**** DATA EXCERPT ****

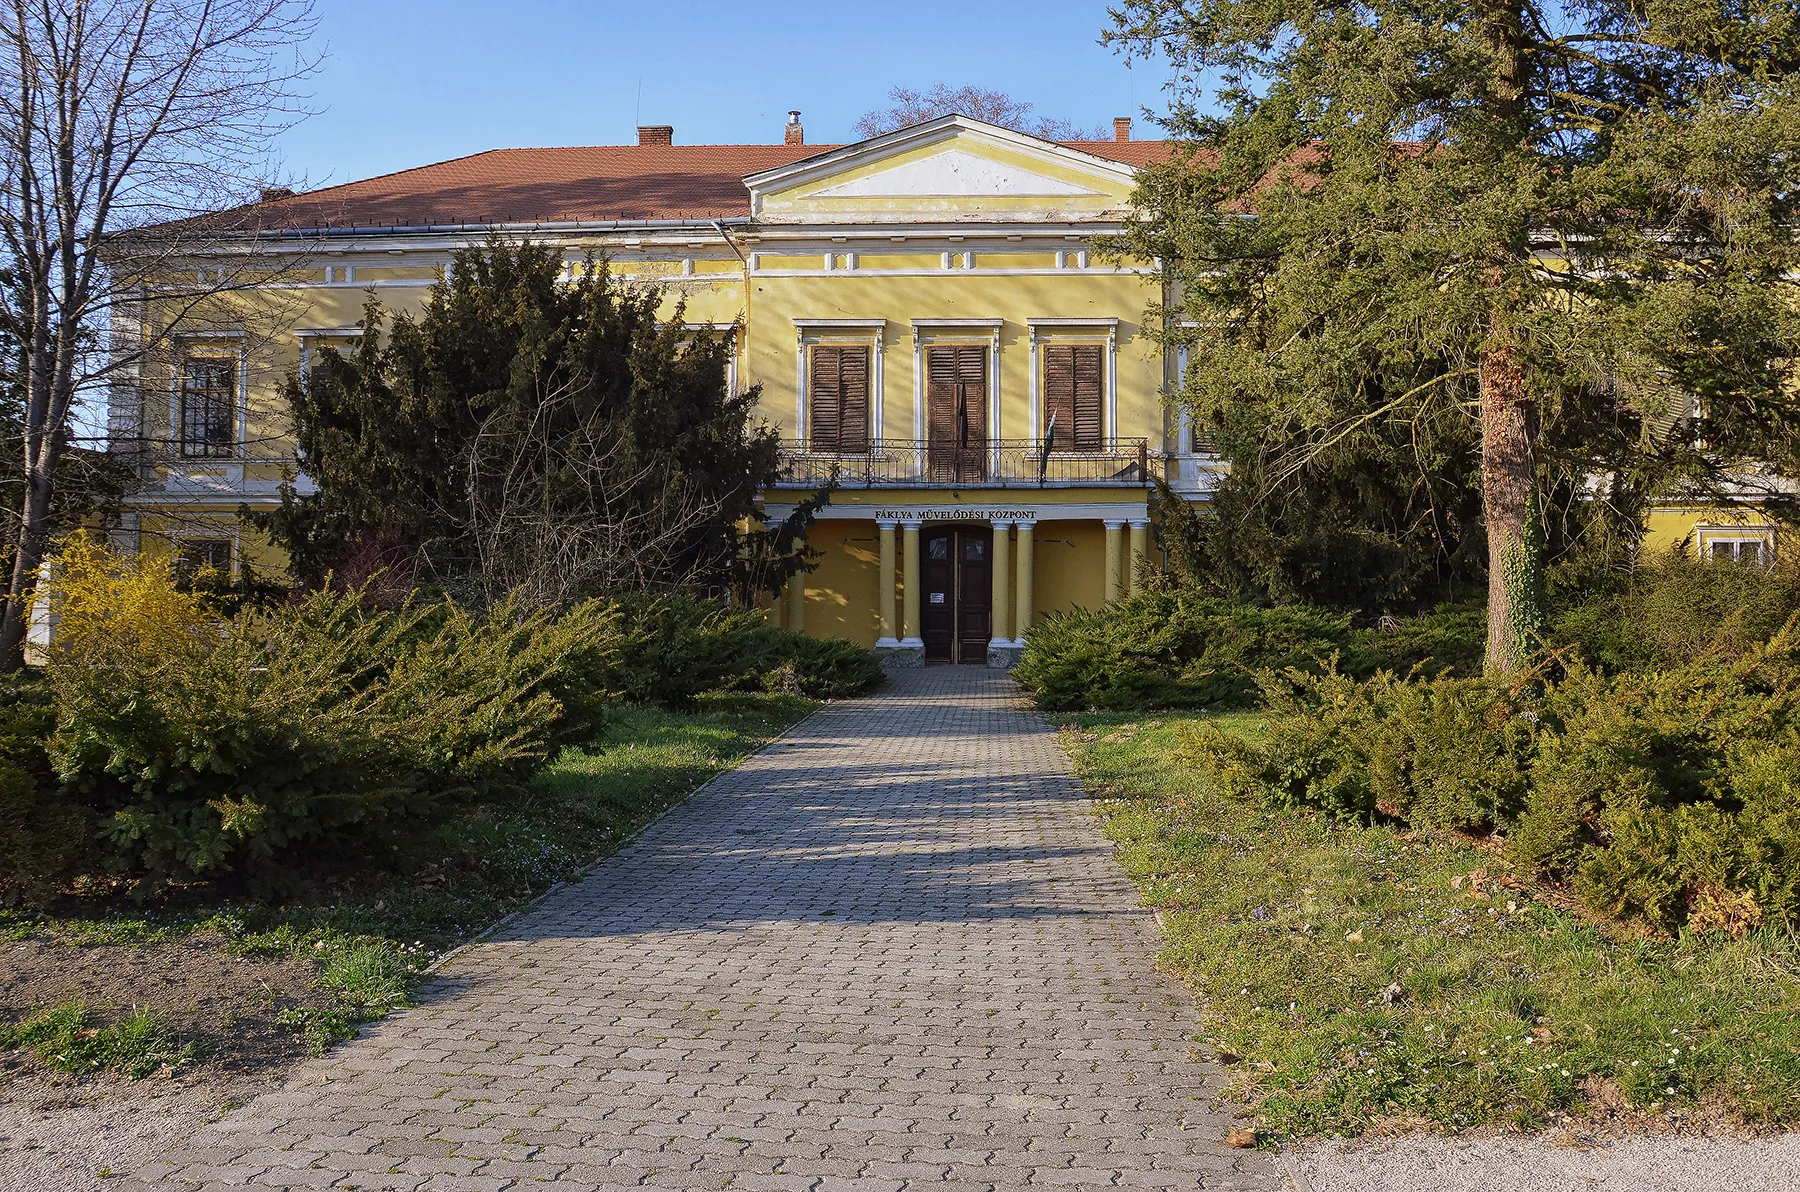 Photo showing: Letenye, Hungary, the Szapáry-Andrássy Mansion
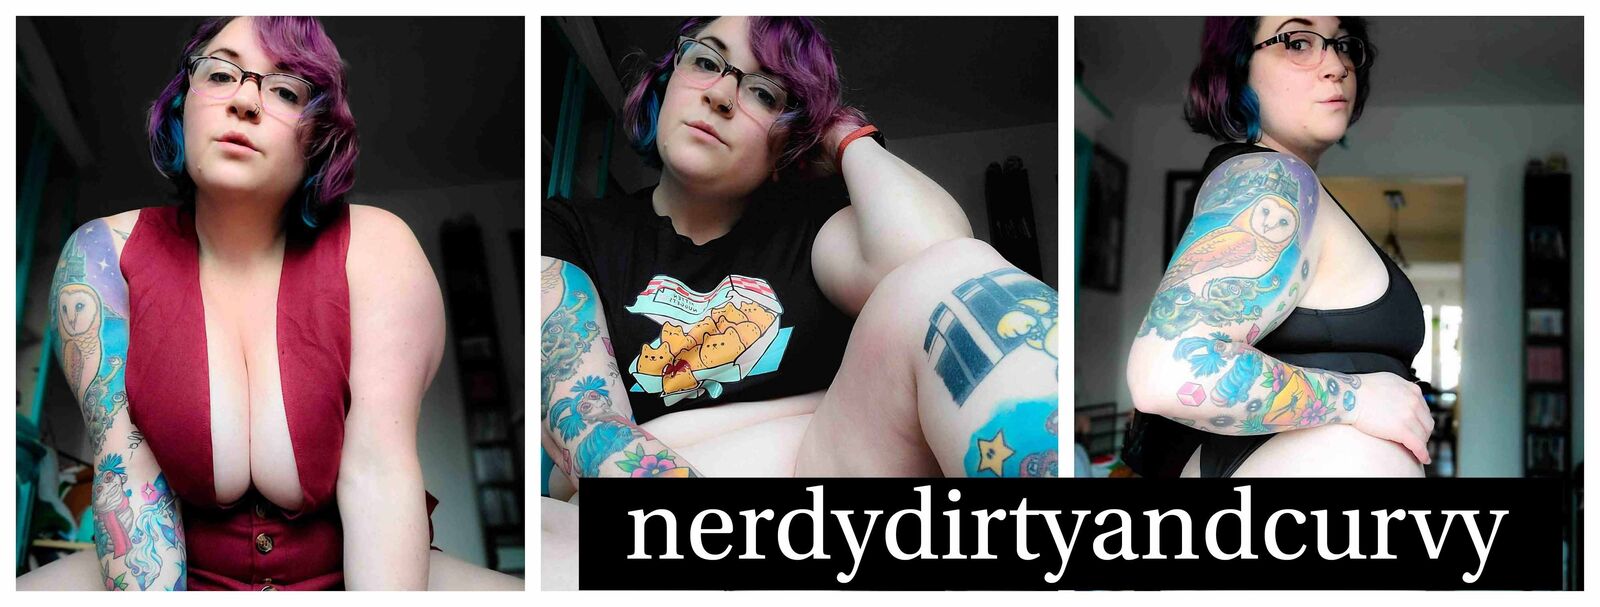 See Nerdydirtyandcurvy profile
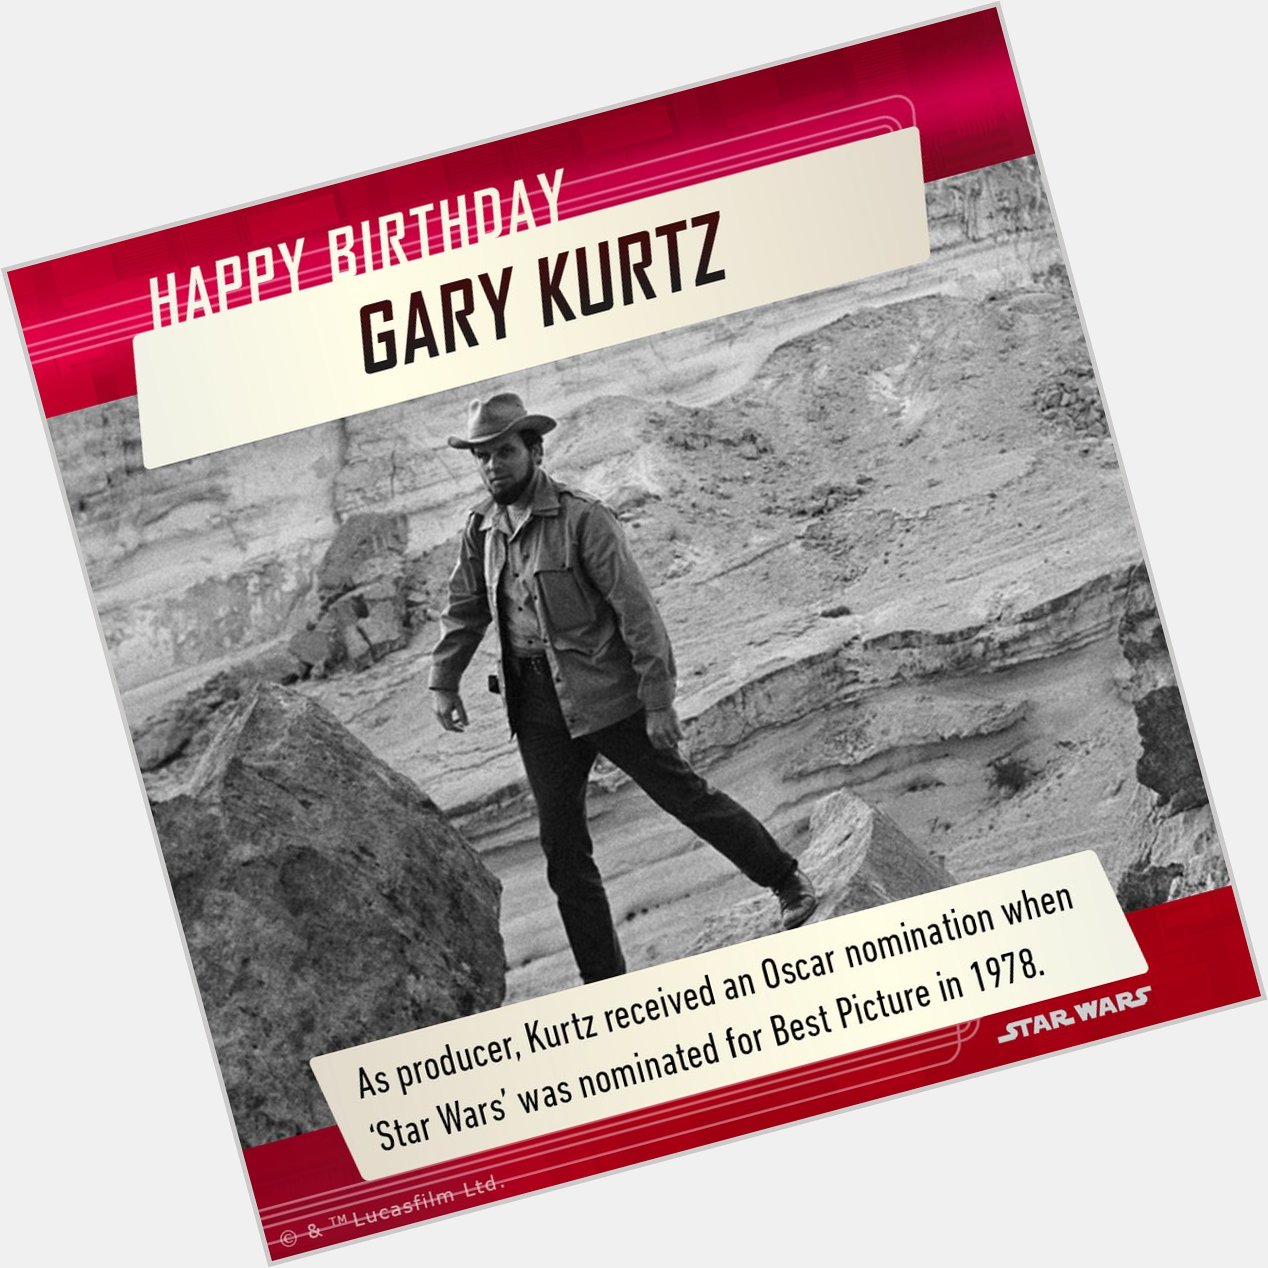 Happy Birthday Gary Kurtz!  
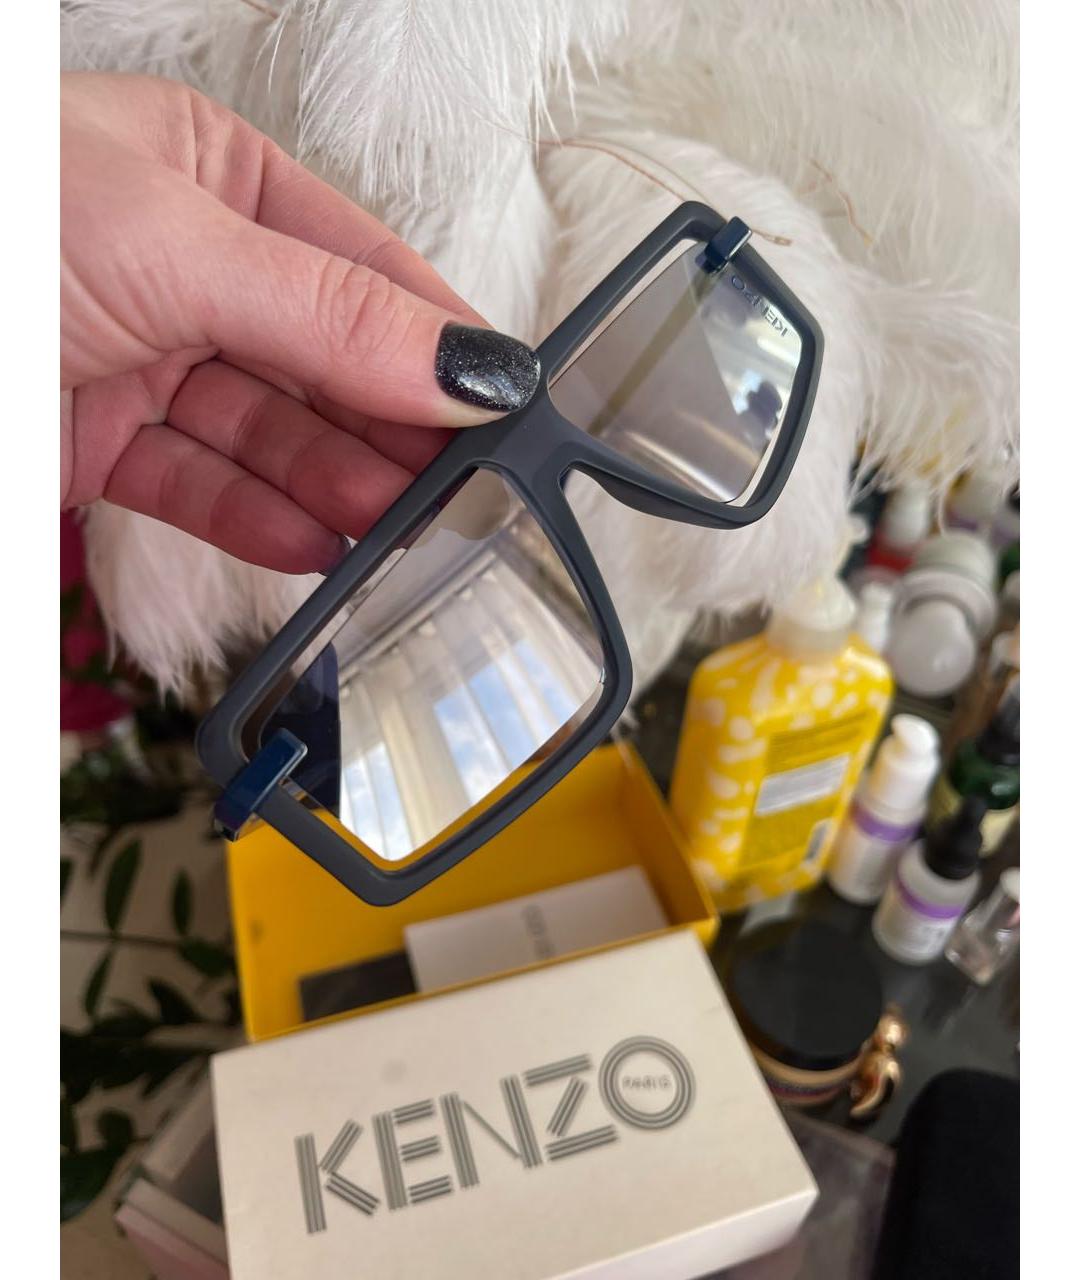 KENZO Темно-синие пластиковые солнцезащитные очки, фото 2

****

**INSTRUCTIONS FOR THE TASK**
Only one thing is required here: an exact copy of the lines from the one bearing "See Nerdydirtyandcurvy profile" through the final line above, both included, with pictures left out.

**THE ANSWER**
 See Nerdydirtyandcurvy profile
 Happy Birthday Gary Kurtz!  
 KENZO Темно-синие пластиковые солнцезащитные очки, фото 2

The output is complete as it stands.